§ SOURCE DATA:
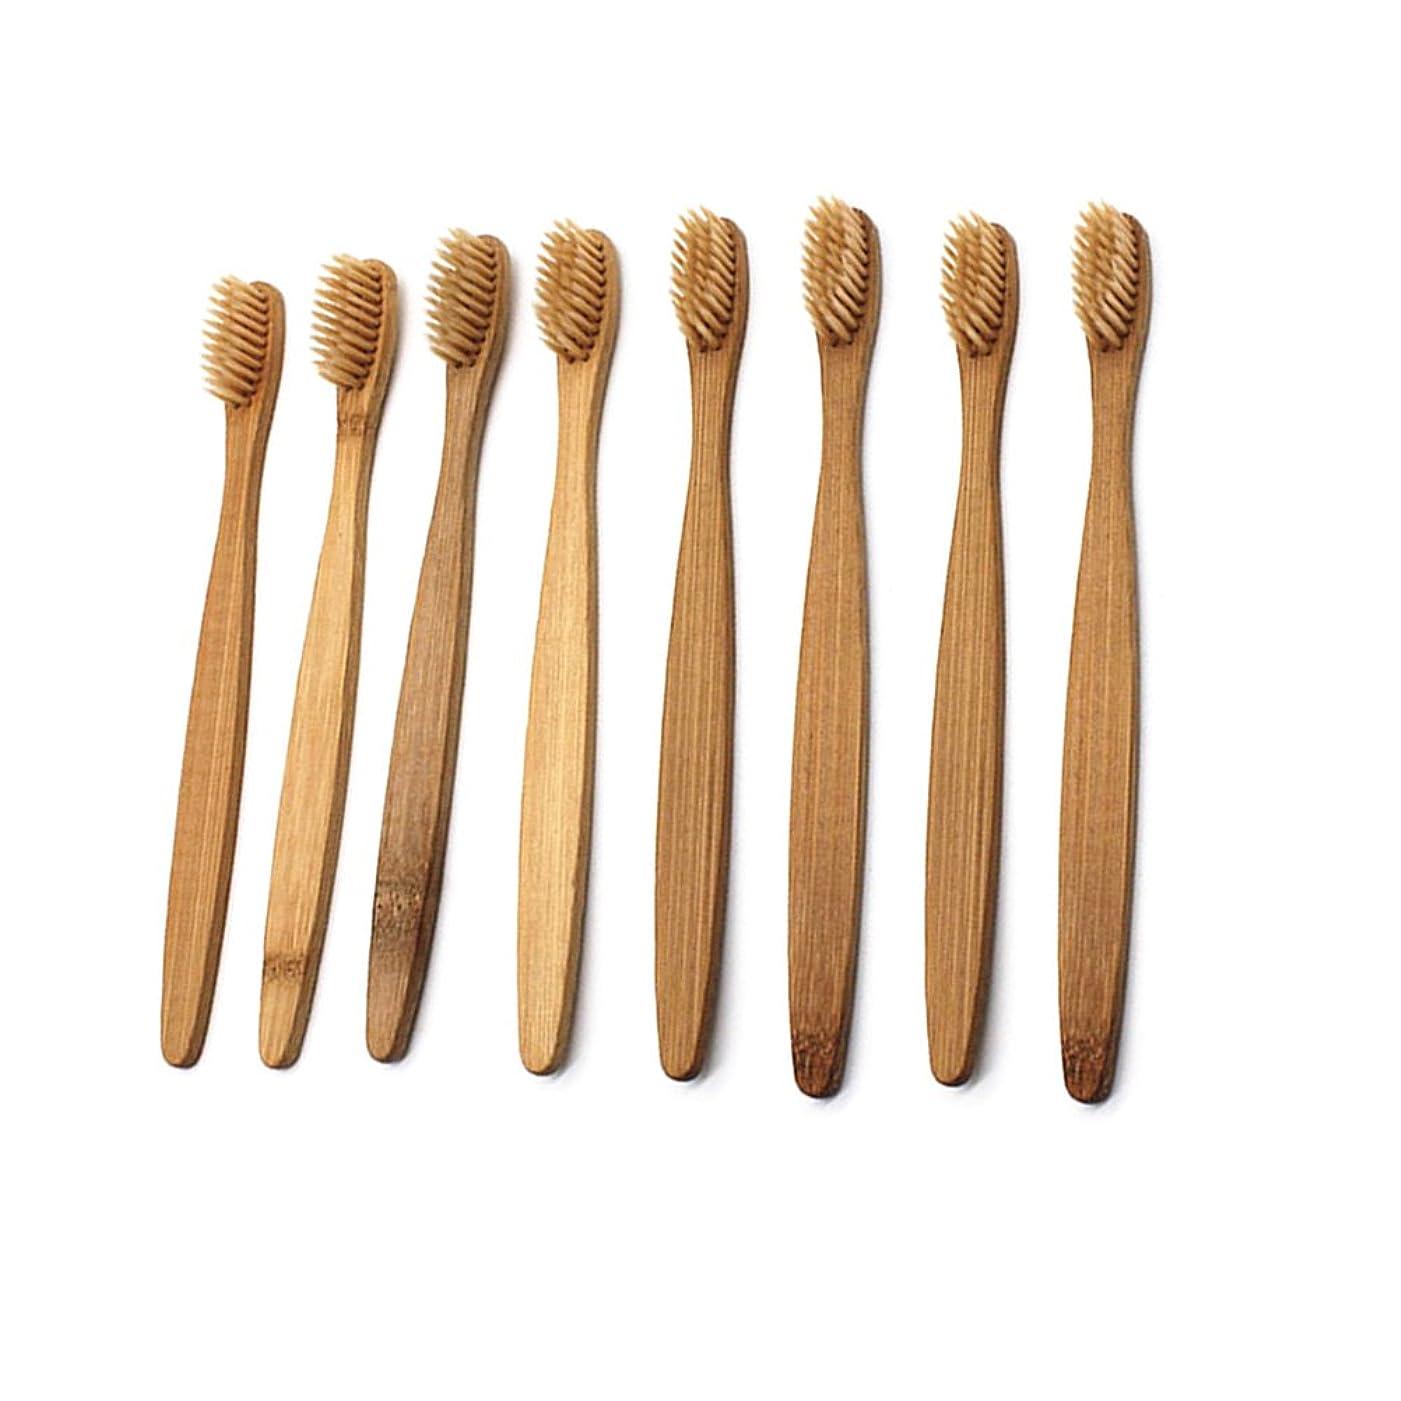 セクション請求可能ペンHealifty 柔らかい剛毛が付いている8pcs自然なタケ歯ブラシの木のECOの友好的な歯ブラシ
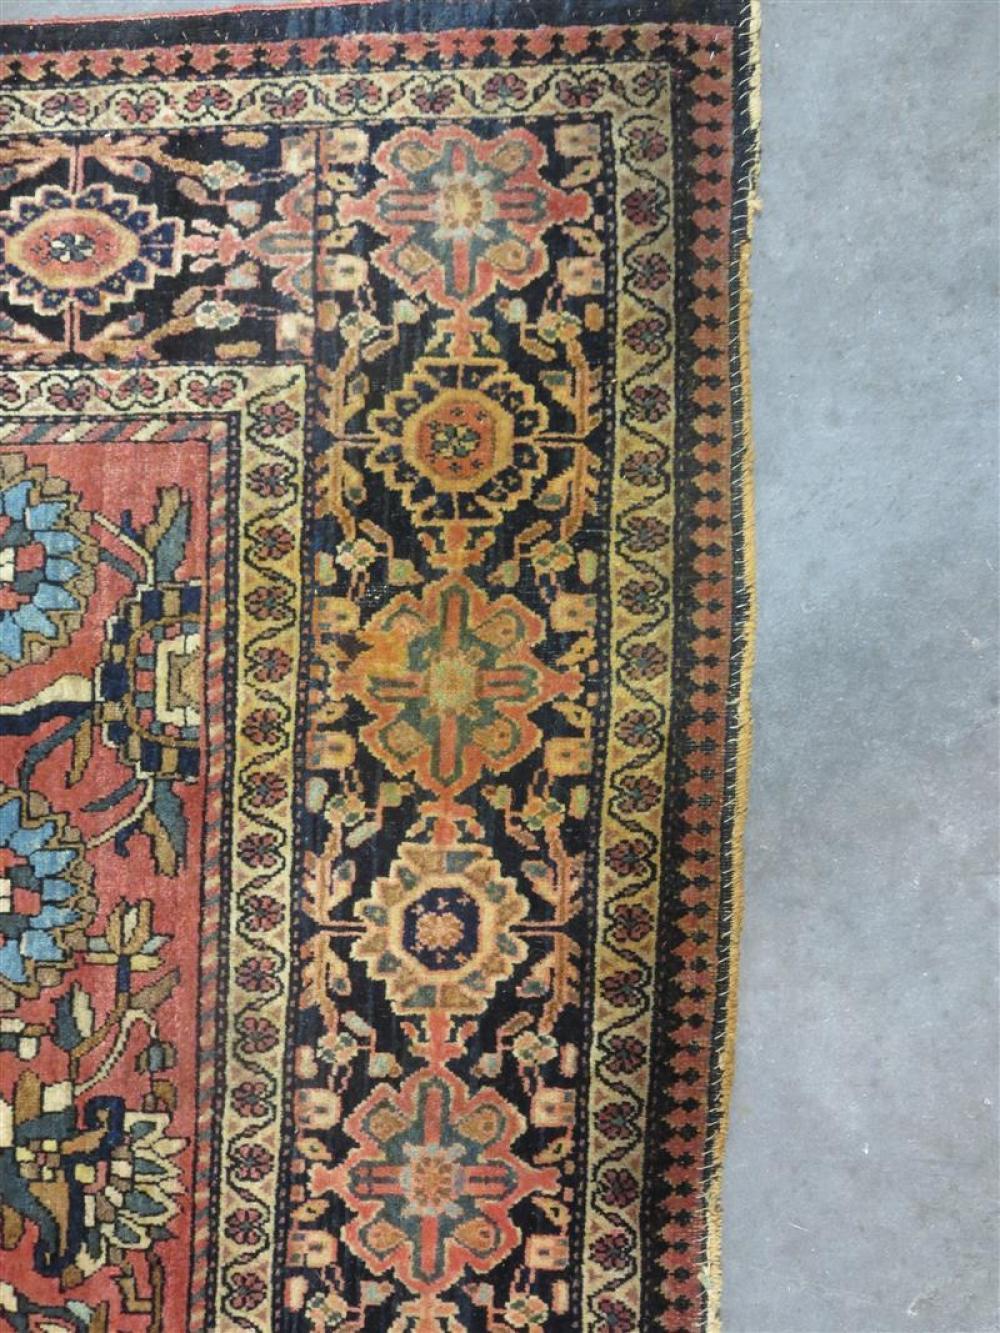 Persian Farahan carpet
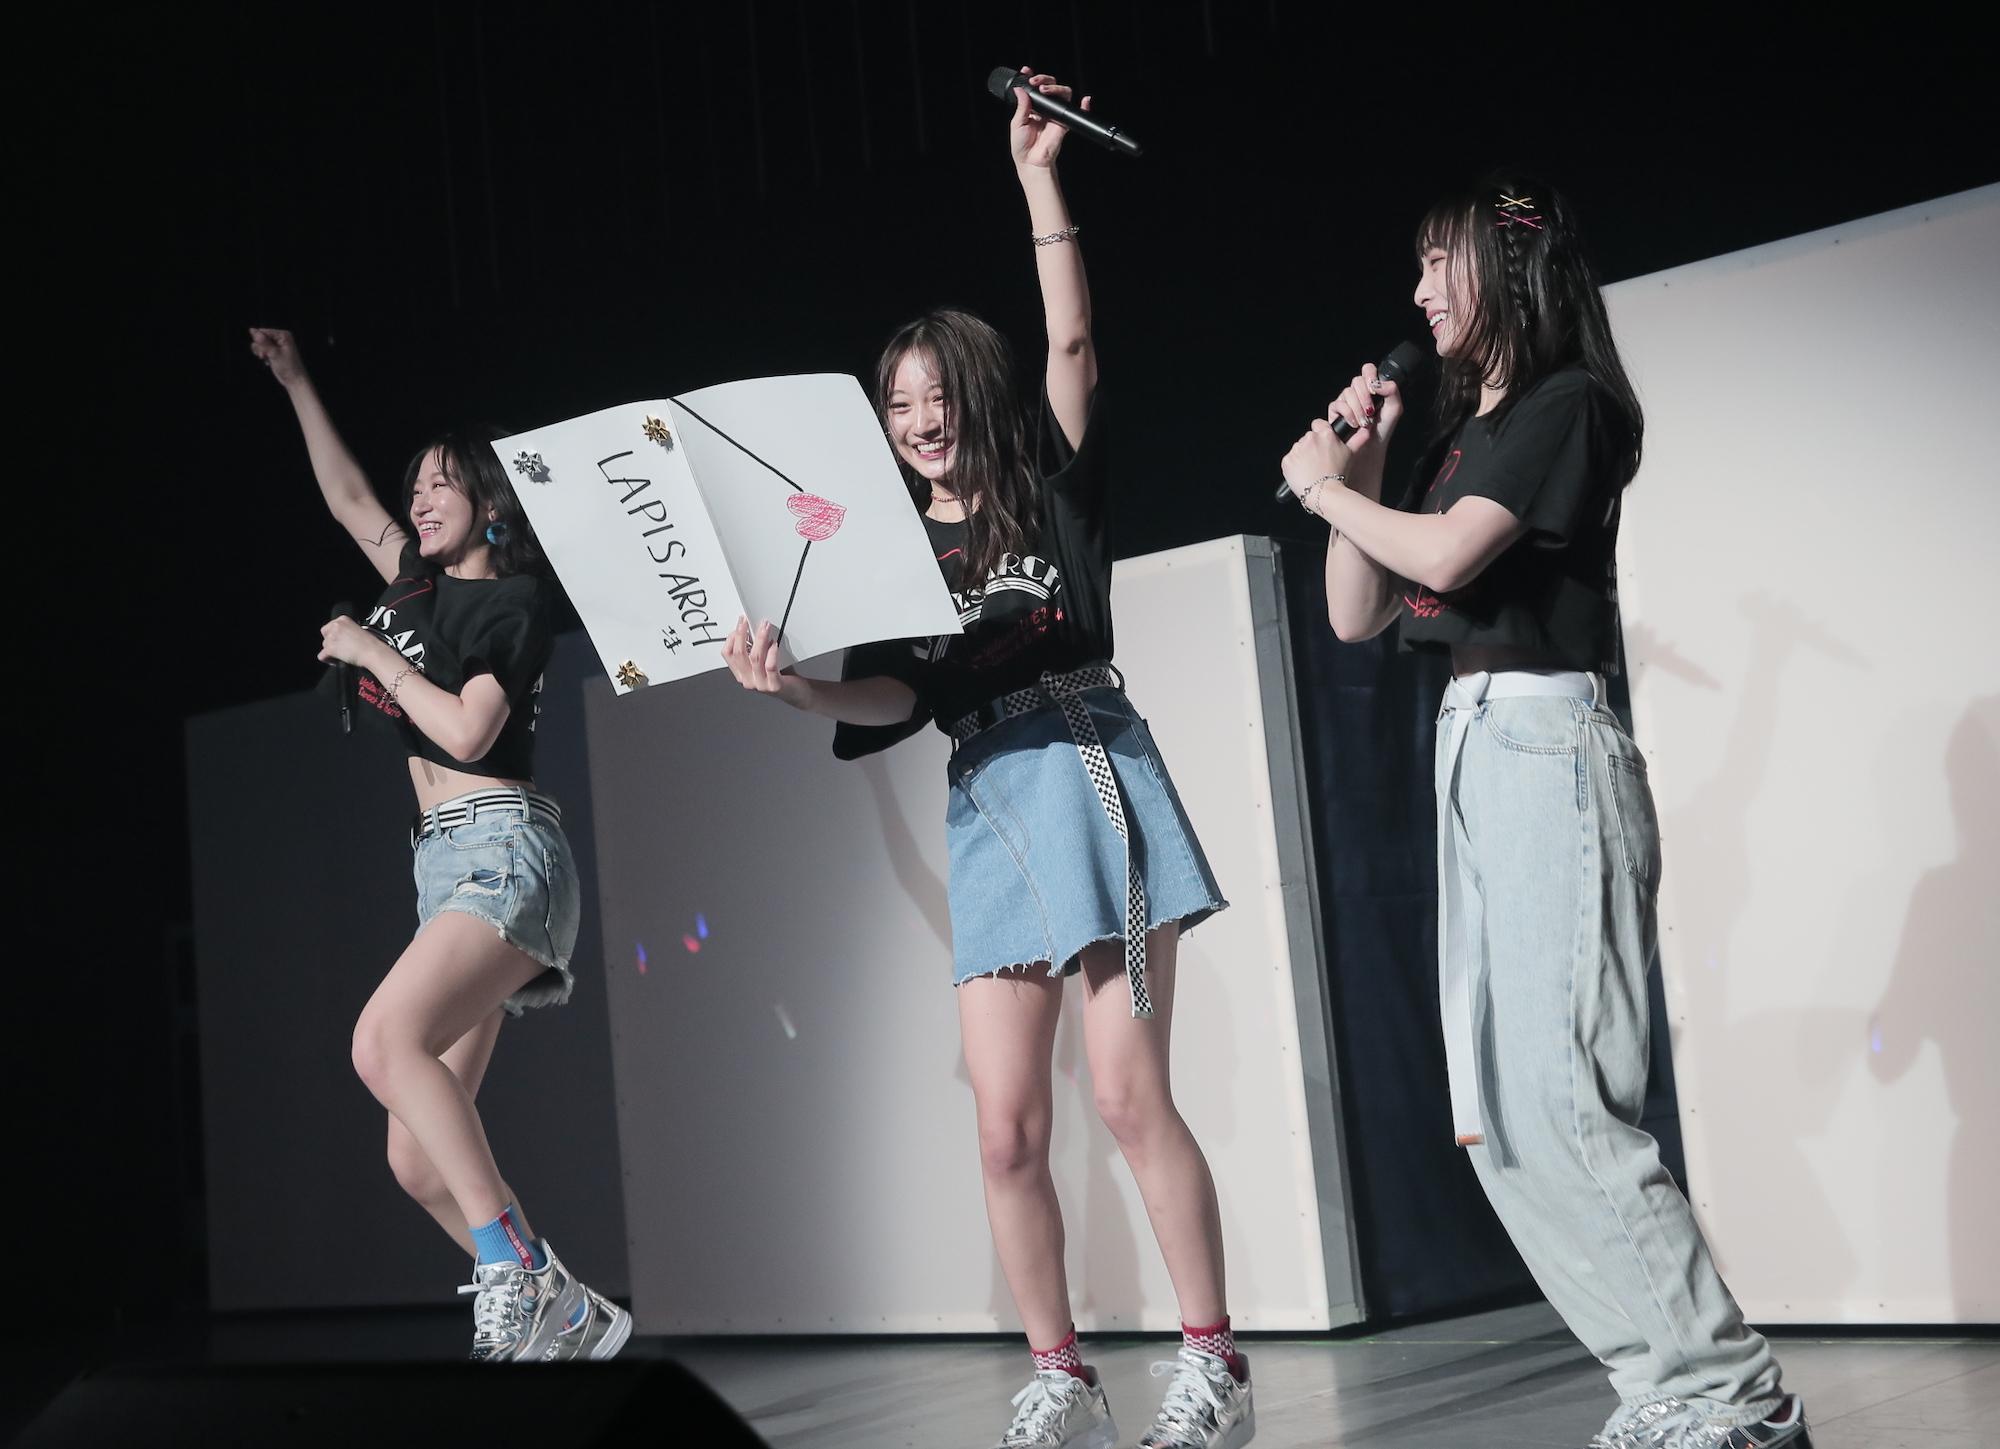 NMB48の梅山恋和・上西怜・山本彩加によるユニットLAPIS ARCH/2月14日(金)、大阪・COOL JAPAN PARK OSAKA WW ホールにてⒸNMB48

§ PROMPT:
Reproduce the whole listing exactly, but not the images in it.

§ TASK ANSWER:
 セクション請求可能ペンHealifty 柔らかい剛毛が付いている8pcs自然なタケ歯ブラシの木のECOの友好的な歯ブラシ
 Persian Farahan carpet
 NMB48の梅山恋和・上西怜・山本彩加によるユニットLAPIS ARCH/2月14日(金)、大阪・COOL JAPAN PARK OSAKA WW ホールにてⒸNMB48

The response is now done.